Deshalb bieten sie Anlegern angesichts des nahen Todes ihre Risikolebensversicherung mit einem Abschlag auf die Todesfallleistung über zwischengeschaltete Makler an. Je geringer die vom Arzt prognostizierte Restlebenszeit, desto geringer fällt der Abschlag aus. Durch den Policenverkauf finanzieren sie dann den Kauf teurer lebensverlängernder Medikamente. Doch je länger der Verkäufer der Police lebt, desto geringer fällt die Rendite für den Käufer aus. Denn er muss länger Versicherungsbeiträge zahlen und bekommt die Todesfallleistung später ausgezahlt. Rölle kalkuliert bei einer Lebenserwartung von vier Jahren und dem Tod des Verkäufers zum Prognosezeitpunkt eine Rendite von 10,3 Prozent. Lebt der Policenverkäufer zwei Jahre länger, sinkt sie auf 6,75 Prozent, stirbt er ein Jahr früher beträgt sie allerdings bereits knapp 14 Prozent.

Auf den Tod wartende Spekulanten

Um jene Menschen, die länger als erwartet leben, vor immer wieder auftretenden Belästigungen gierig auf den Tod wartender Spekulanten zu schützen, ist es mittlerweile üblich, eine Rückversicherung für den Fall eines längeren Lebens abzuschließen. So gibt es Modelle, nach denen Lloyd?s in London die Todesfallsumme auszahlt, wenn der Verkäufer den vorhergesagten Todestag um zwei Jahre überlebt. Nach Betrugsskandalen ist der Handel mit solchen Viatical-Policen (s. "Glossar") in vielen US-Bundesstaaten gesetzlich geregelt. Typisch sind Mindestaufklärungspflichten, sowohl die Versicherten wie die Anleger betreffend, und die treuhänderische Abwicklung der Zahlung bei Ankauf. Eingeschaltete Rückversicherer bringen zusätzliche Sicherheit bei der Bewertung der ärztlichen Gutachten. Doch für deutsche Policenkäufer gilt: Selbst wenn das traurige Schicksal termintreu ist, kann ein fallender Dollar die hohe Rendite zunichte machen.

Wer solche US-Policen für unmoralische Angebote hält, ist mit einer gebrauchten englischen Kapitallebensversicherung vielleicht besser bedient. Der Handel damit begann vor rund 150 Jahren. Ernst F. Riess, Chef des Vermittlers European Financial Resource, schätzt, dass in diesem Jahr in Großbritannien Verträge im Wert von 600 Millionen Pfund die Besitzer wechseln werden.
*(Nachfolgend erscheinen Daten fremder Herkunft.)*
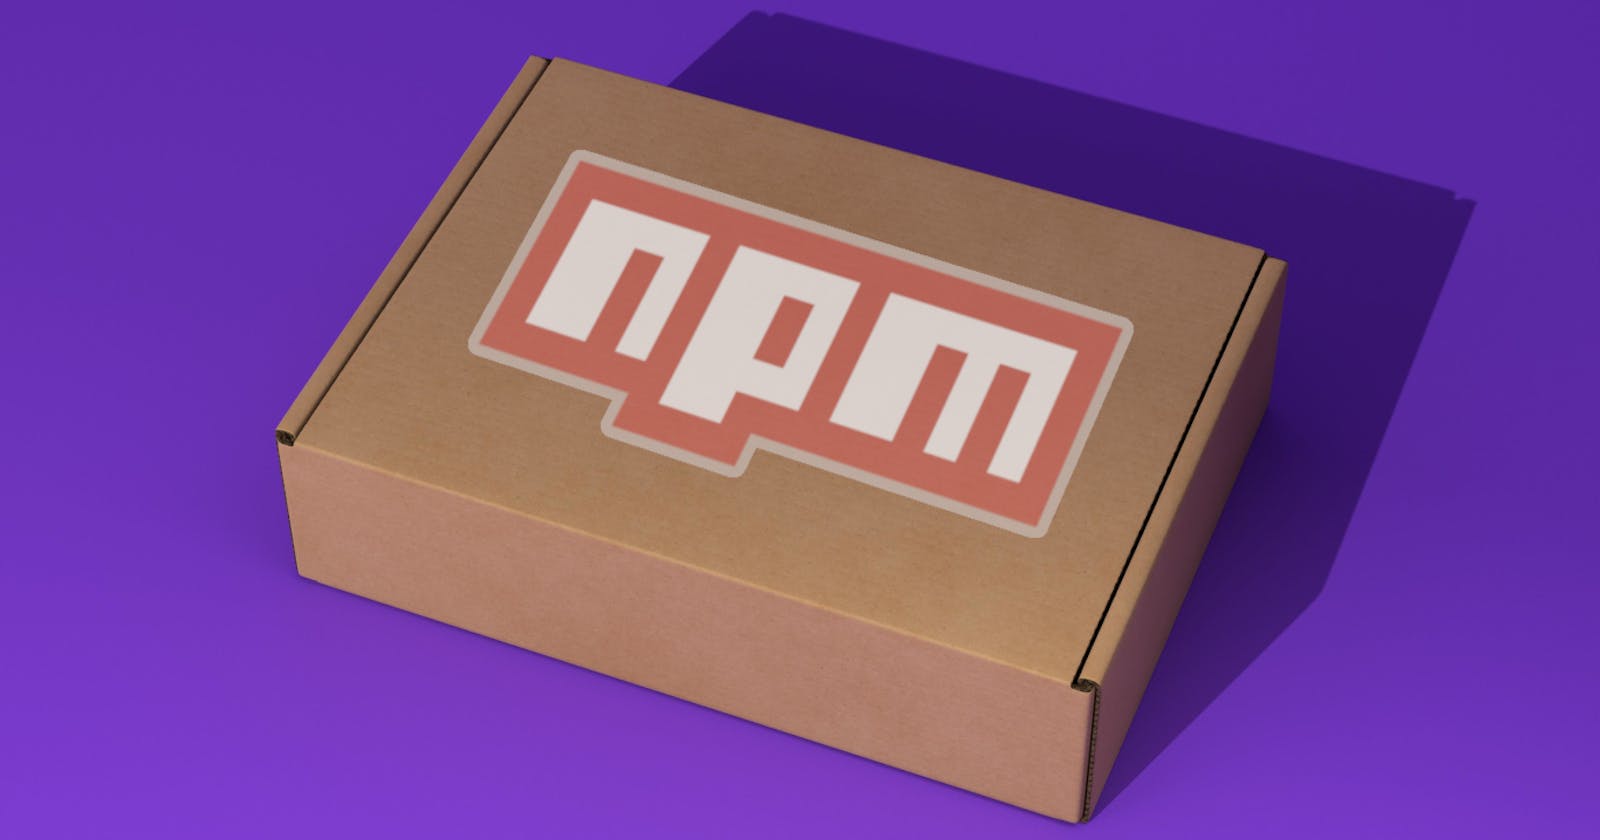 How to setup an NPM package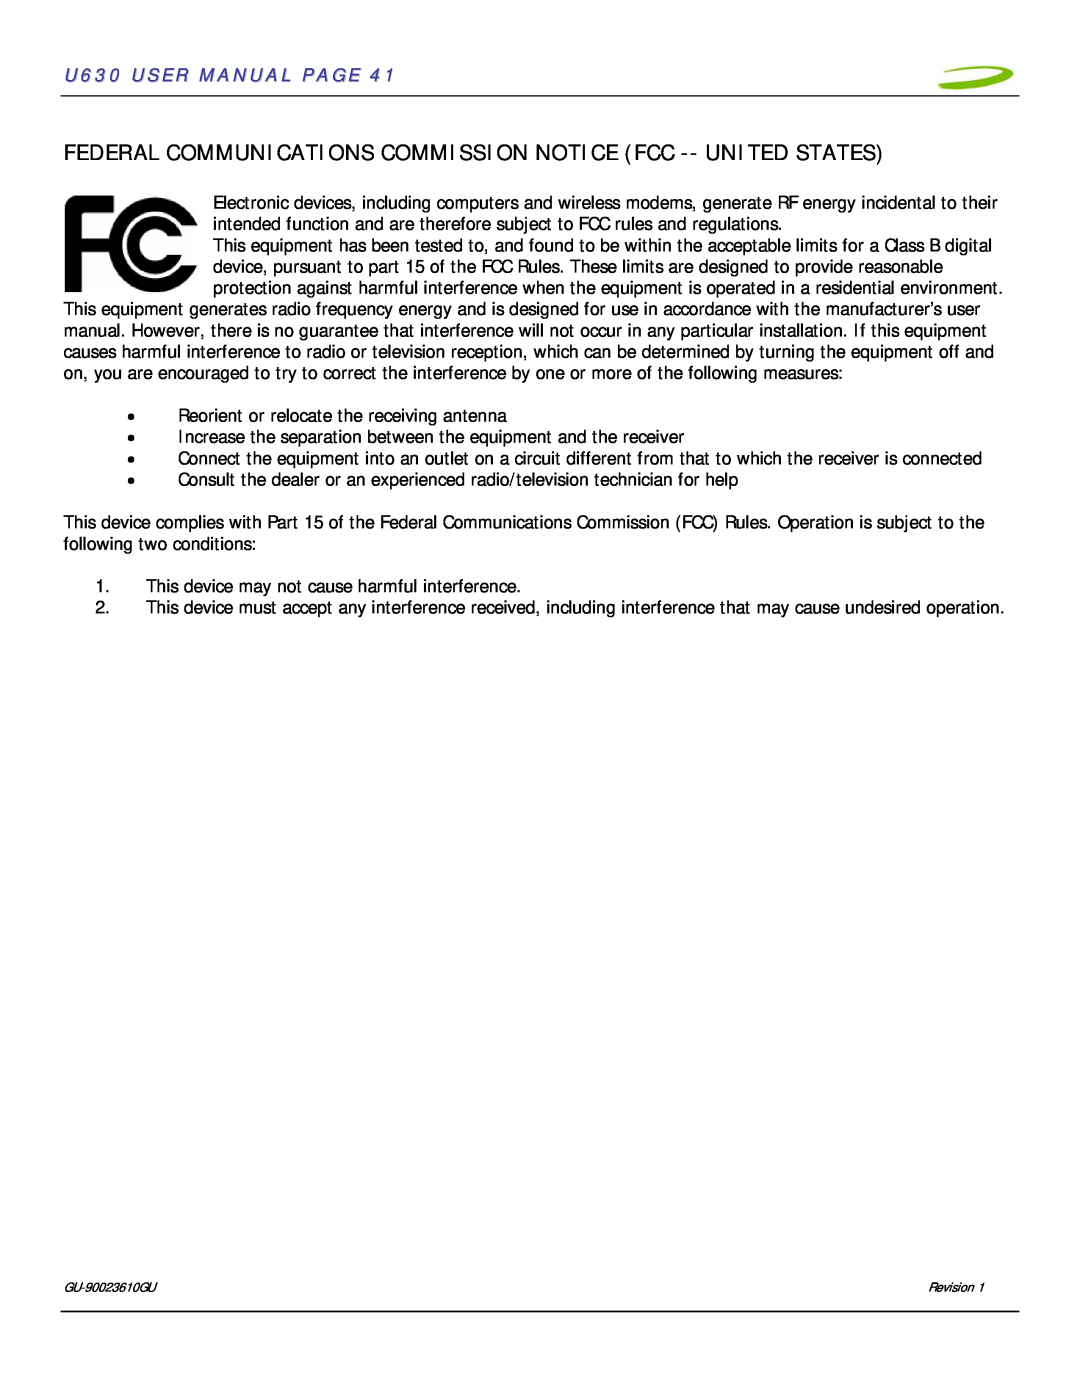 InFocus user manual Federal Communications Commission Notice Fcc -- United States, U630 USER MANUAL PAGE

Oft werden die Lebensversicherungen mit Gewinnbeteiligung, so genannte TEP, verkauft, weil die Versicherten finanziell in die Klemme geraten sind. Anders als bei deutschen Policen gibt es keine garantierte Mindestverzinsung, sondern kapitalmarktabhängige Grund-, Zusatz- und Schlussboni. Deshalb schwanken die erwarteten Ablaufleistungen während der Laufzeit weit mehr als bei deutschem Policen.

Baisse hat die Boni gedrückt

Trotz Aktienflaute seien englische Versicherer noch immer zu 50 bis 60 Prozent in Aktien investiert. Doch die Baisse hat die Boni gedrückt. "Die Ablaufleistung einer vor fünf Jahren gekauften und jetzt fälligen Police ist um zehn bis 15 Prozent niedriger als erwartet", sagt Riess. Dennoch wirbt er auch jetzt mit Renditen von acht bis 13 Prozent. Die Verkäufer müssen der Börsensituation Tribut zollen. Wegen der niedrigeren Boni sinken auch die Preise der Secondhand-Policen. Je kürzer die Restlaufzeit, desto geringer die Schwankungsbreite der Ablaufleistung. Wer deshalb kurze Restlaufzeiten kaufen will, wird vom Markt enttäuscht: "Alle Laufzeiten unter vier Jahren sind knapp", sagt Riess. Und am Währungsrisiko kommt auch der Käufer britischer Policen nicht vorbei (s. Grafik ganz unten). Mit in Euro notierten irischen Policen wäre das Währungsrisiko zu umgehen. Doch Rölle bemerkt, bei vier Millionen Einwohnern Irlands sei der Markt zu klein.

Ist das unmoralische Angebot aus den USA den TEP überlegen? Es spricht zurzeit für sich, dass die Renditen nicht vom Kapitalmarkt abhängen. Grundsätzlich einkommensteuerpflichtig sind die Gebrauchtpolicen aus beiden Ländern. Weil Risikopolicen aber keinen Übertragungswert haben, können die US-Policen steuerfrei vererbt und verschenkt werden.